The third axis is circular and horizontal, the interplay of icons cycling around the nave and relating to one another across it. This axis often portrays the flow of time, although it can express many other relationships as well. The great feasts may be ordered chronologically around the nave, or specific feasts may be combined or face one another to highlight theological connections. In a large church there may be hundreds of biblical and historical scenes, and their placement with respect to one another and to the principal feasts can suggest almost limitless depths of interpretation.

 

Historically, church builders have struggled with the interplay of these three axes. …

 

THE TEMPLE AS COSMOLOGY

 

… Of all forms, the cube and the dome are the most sacred and universal in architecture. The cube or square represents the earth, while the dome symbolizes the sky. It was ever the desire of the Romans to combine these forms and represent the universe. They achieved this at Hagia Sophia. The square nave has the most water-like pavement in the world.
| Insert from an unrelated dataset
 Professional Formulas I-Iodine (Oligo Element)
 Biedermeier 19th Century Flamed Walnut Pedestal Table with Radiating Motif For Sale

Sheets of wavy blue-gray marble flow from the altar like the river of the water of life from the Throne of God. Rows of columns rise from the banks like trees. Amazingly, the builders abandoned the thousand-year-old tradition of the Classical orders, and crafted a new type of capital which looks like the fronds of palms blowing in the wind. The arches above the capitals are decorated similarly. The whole nave is like a walled garden of unimaginable scale, the very image of Paradise...

 

“ON EARTH AS IT IS IN HEAVEN  Form and Meaning in Orthodox Architecture by ANDREW GOULD.